Data section:
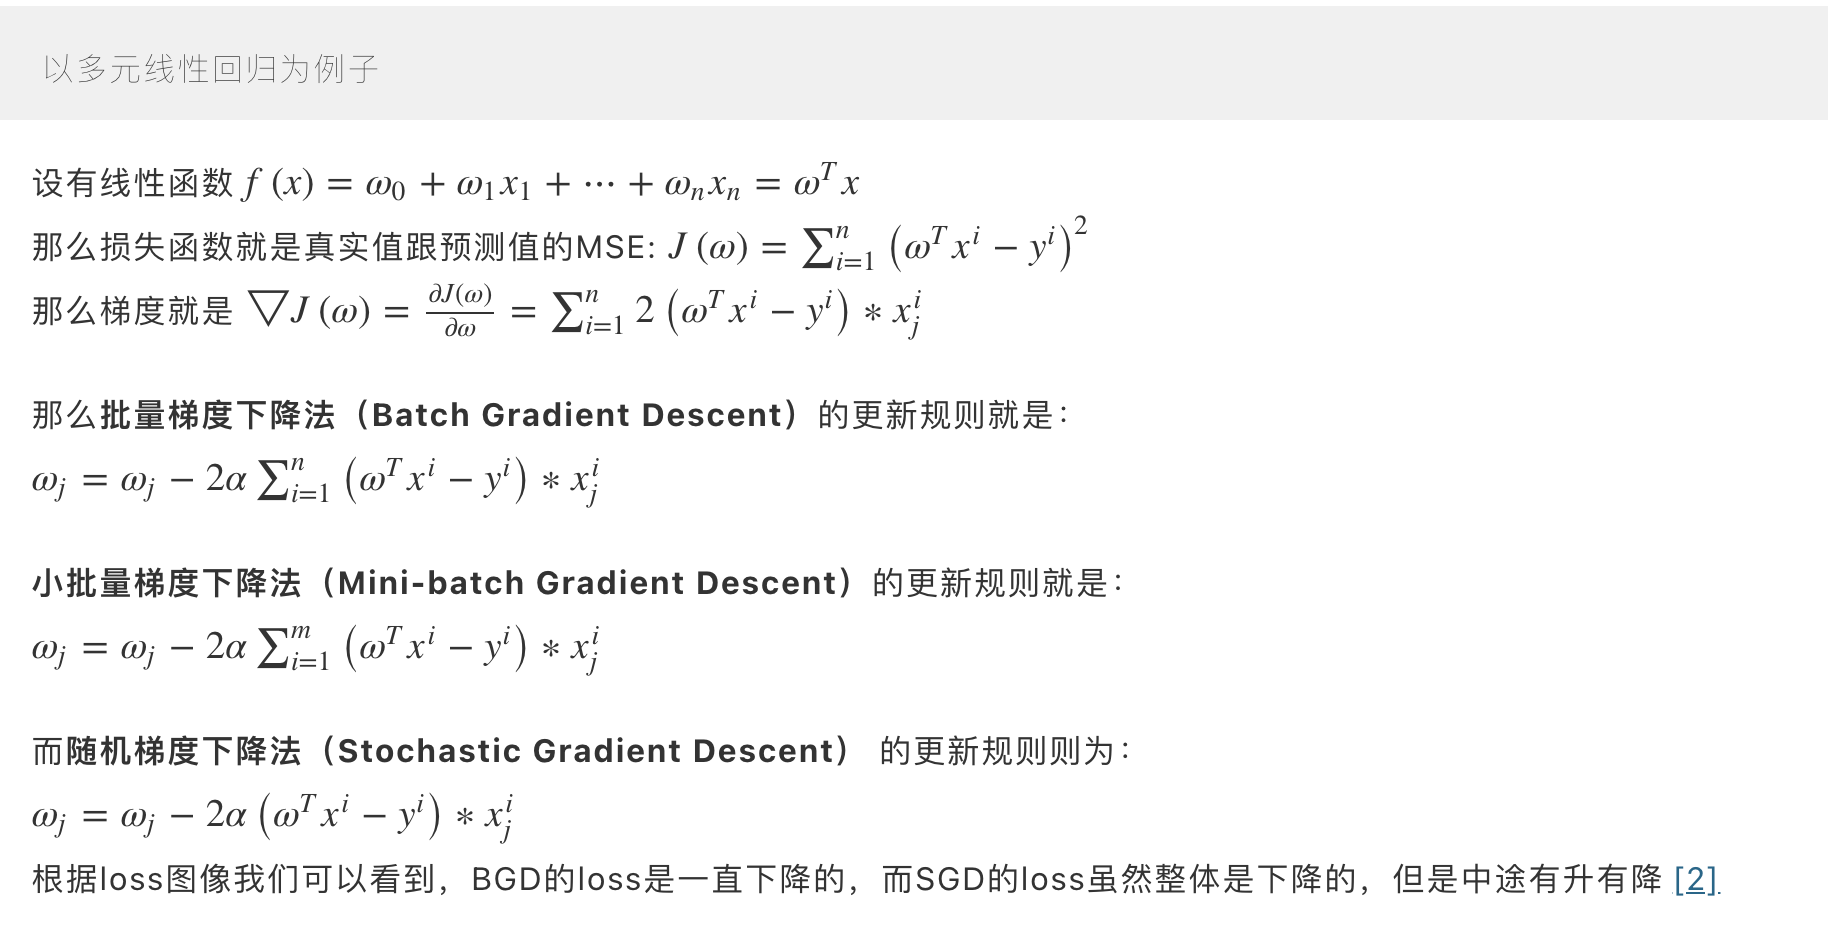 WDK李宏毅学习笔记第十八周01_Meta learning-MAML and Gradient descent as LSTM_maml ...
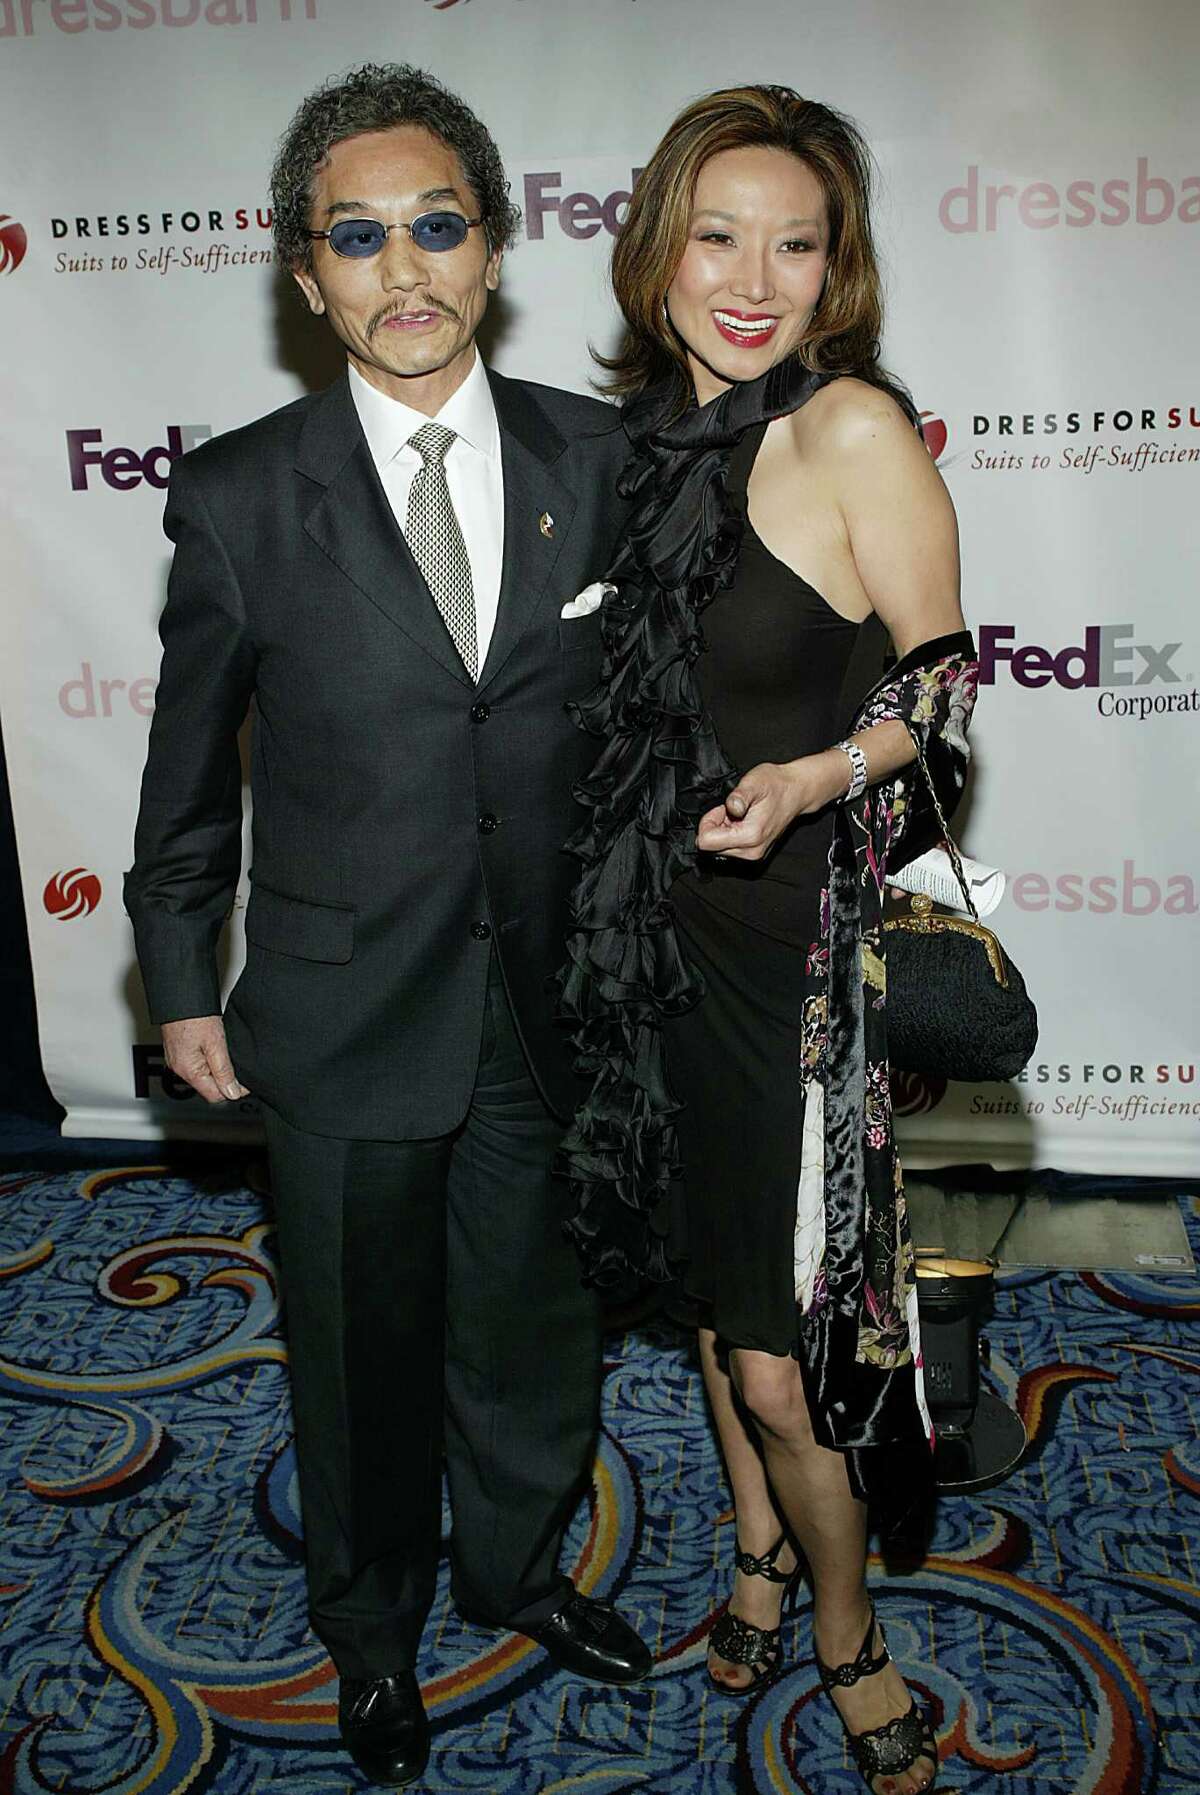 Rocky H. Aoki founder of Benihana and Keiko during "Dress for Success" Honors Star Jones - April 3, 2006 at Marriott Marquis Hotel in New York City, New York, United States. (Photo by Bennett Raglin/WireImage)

--

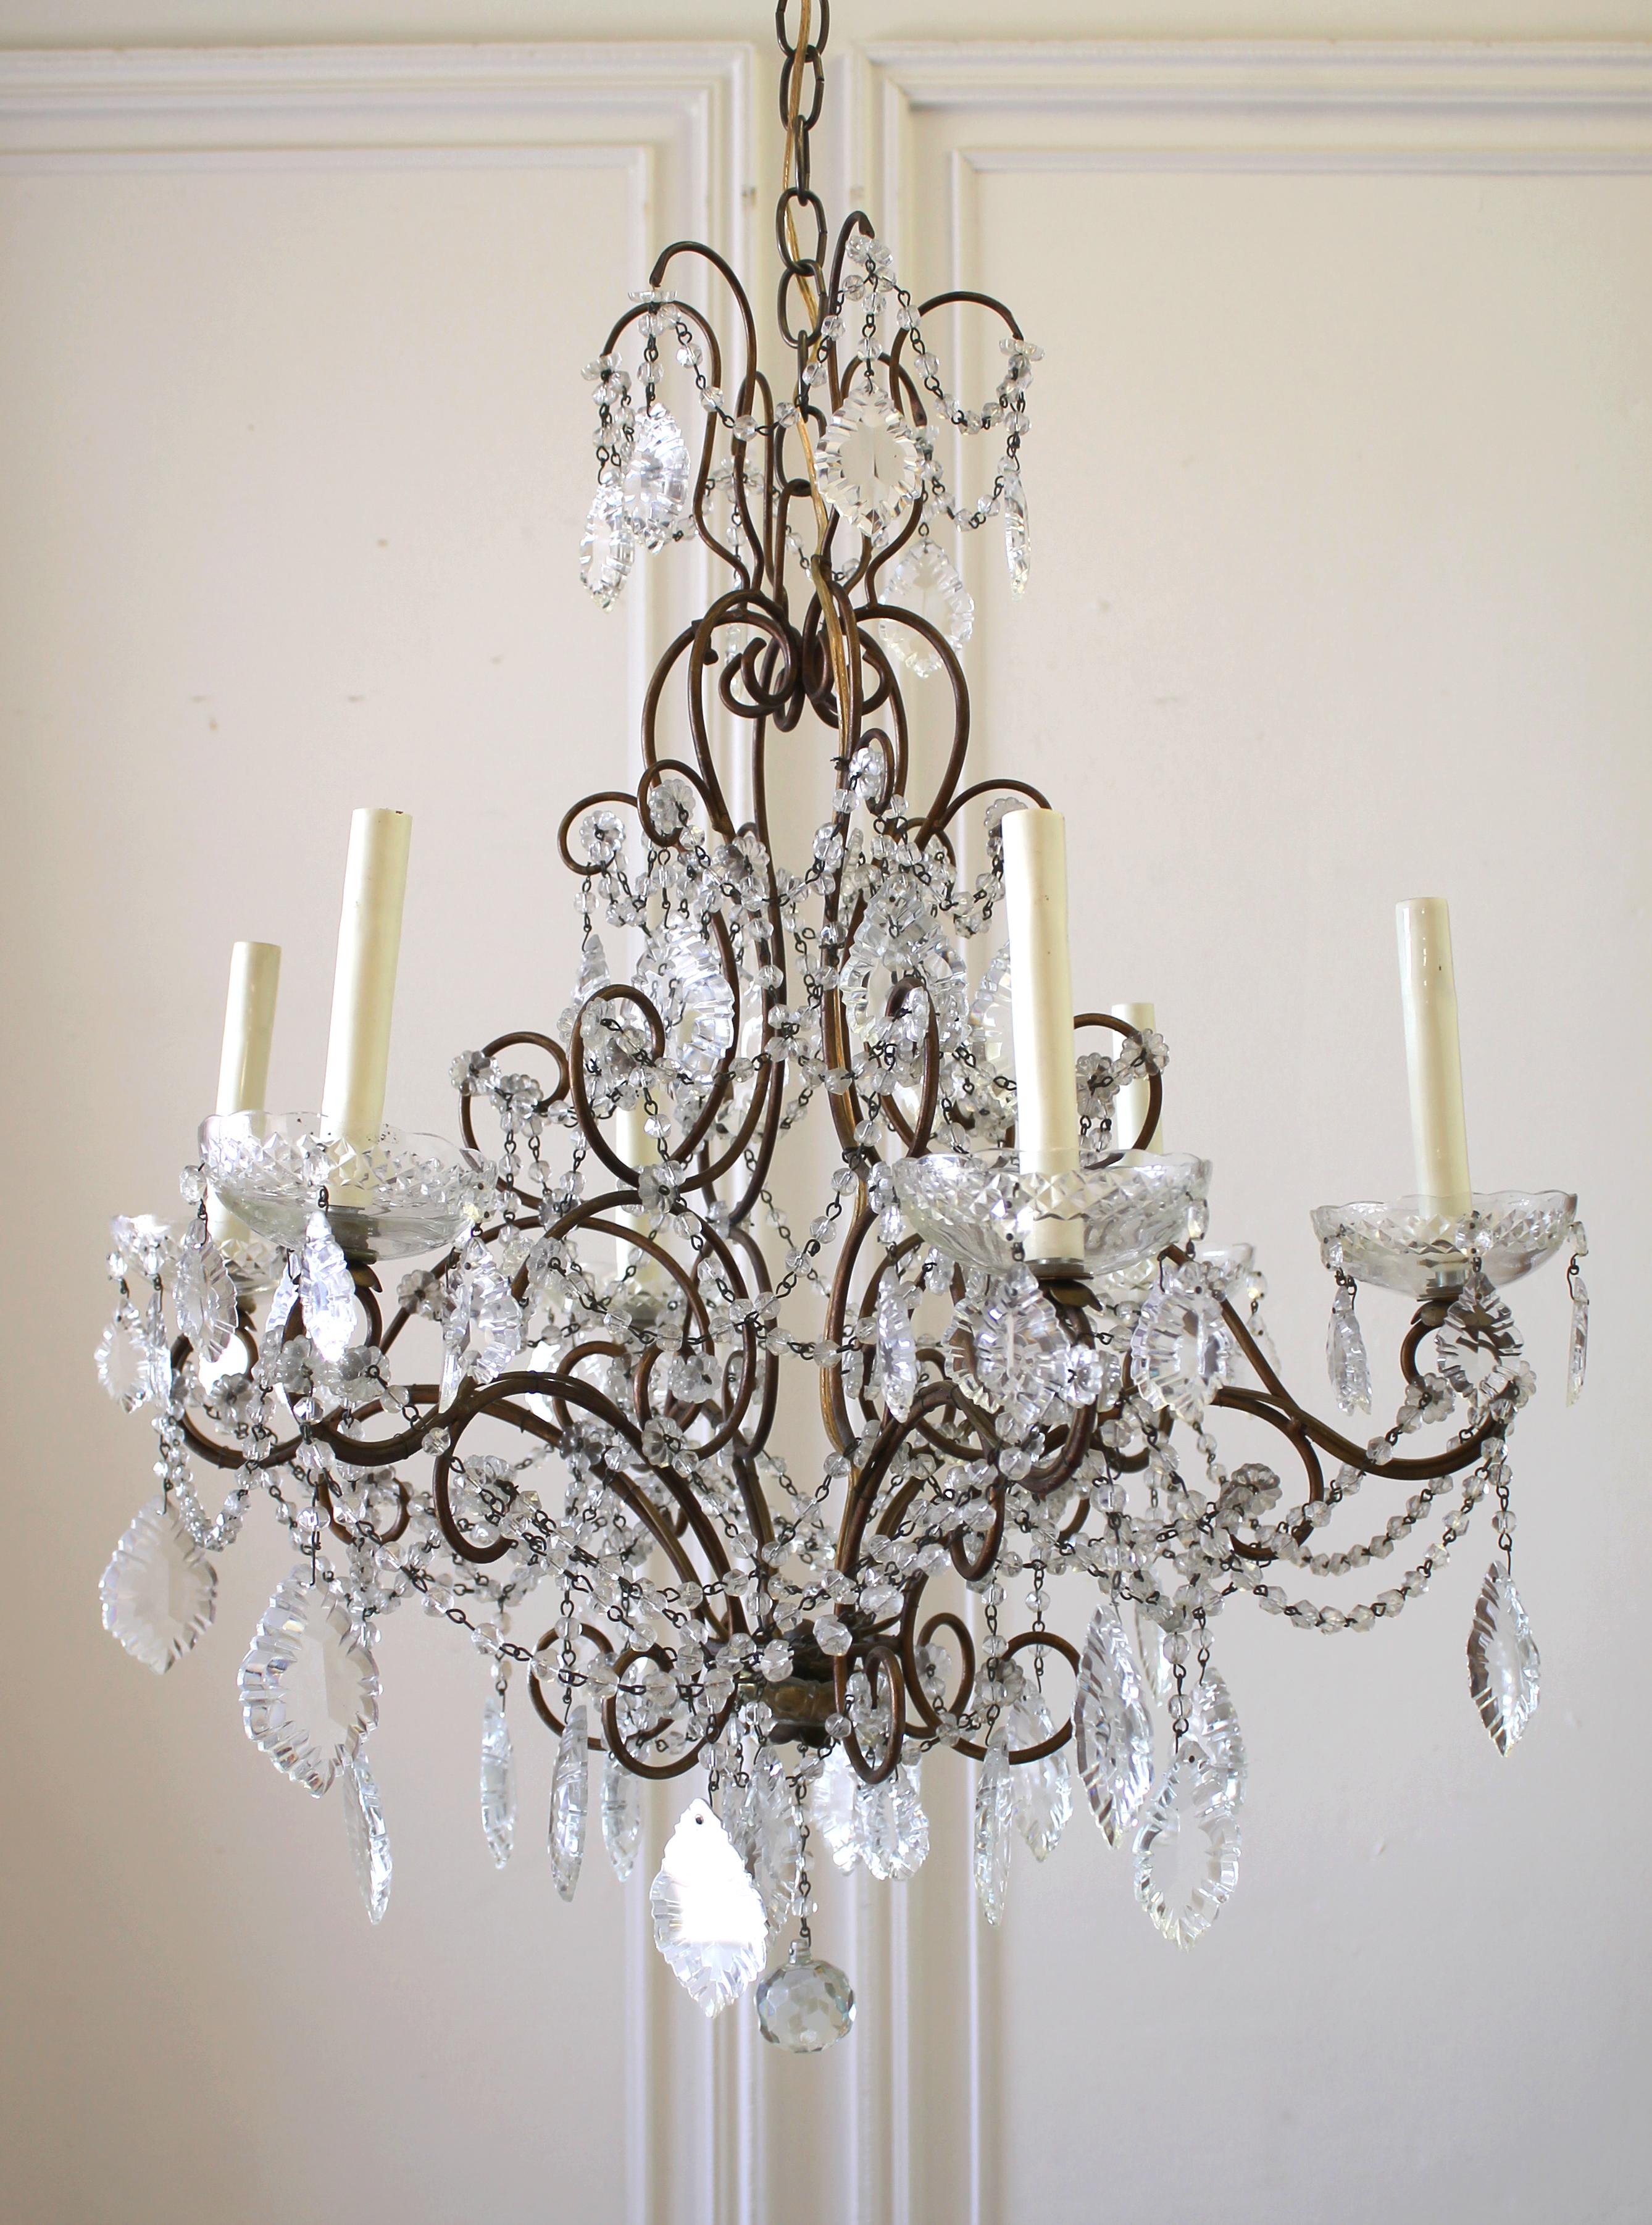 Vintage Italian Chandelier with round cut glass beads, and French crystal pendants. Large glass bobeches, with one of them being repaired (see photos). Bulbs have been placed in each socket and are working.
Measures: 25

...

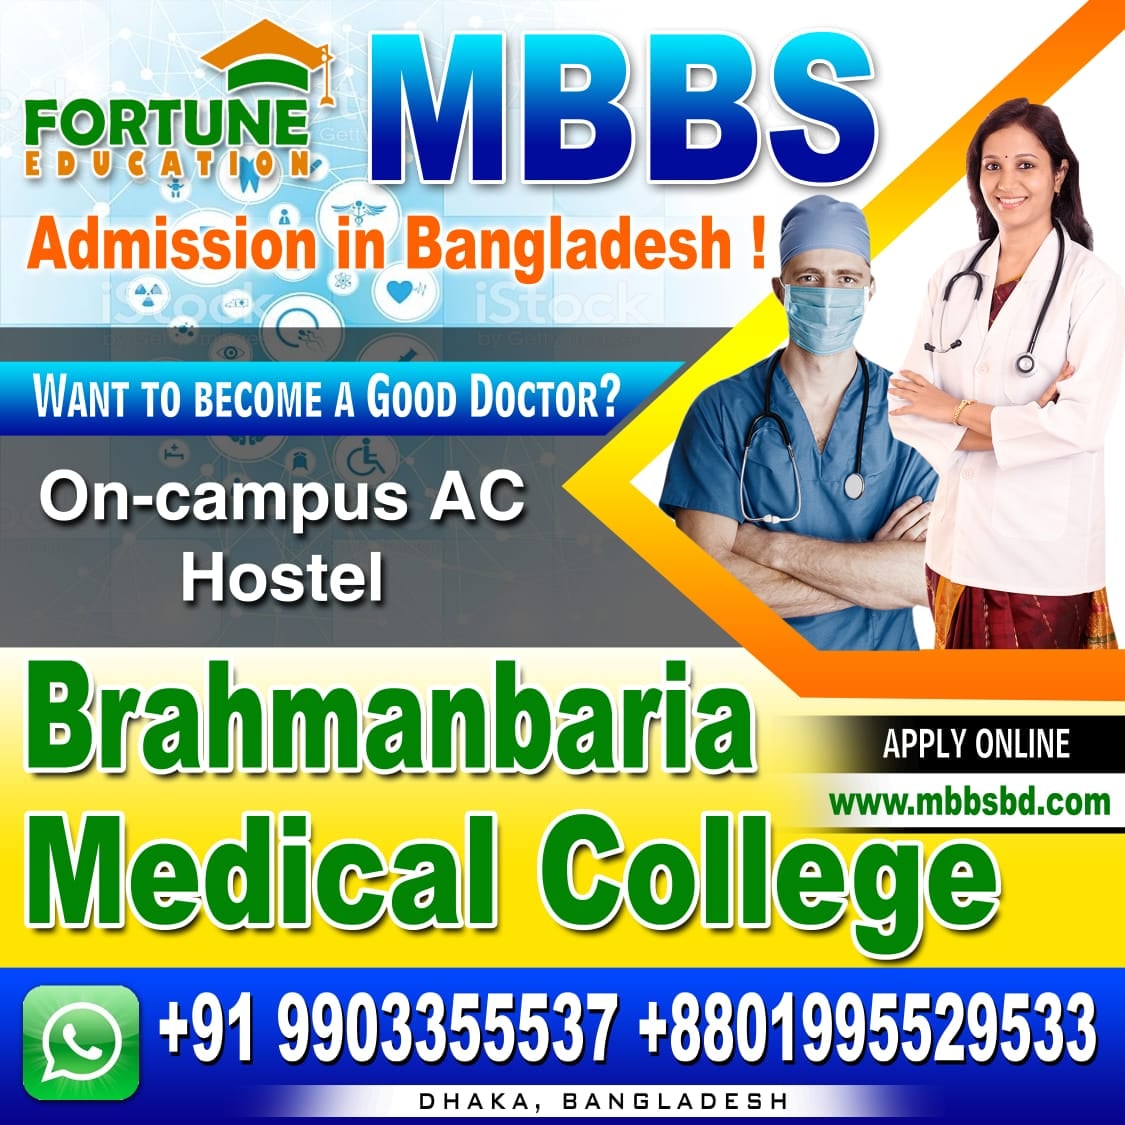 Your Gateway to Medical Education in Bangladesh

Work required:
Leave out the images and write out the lines above exactly, from the one with "Vintage Italian Chandelier" up to and including the one with "Measures: 25".

Result below:
 Vintage Italian Chandelier with round cut glass beads, and French crystal pendants. Large glass bobeches, with one of them being repaired (see photos). Bulbs have been placed in each socket and are working.
Measures: 25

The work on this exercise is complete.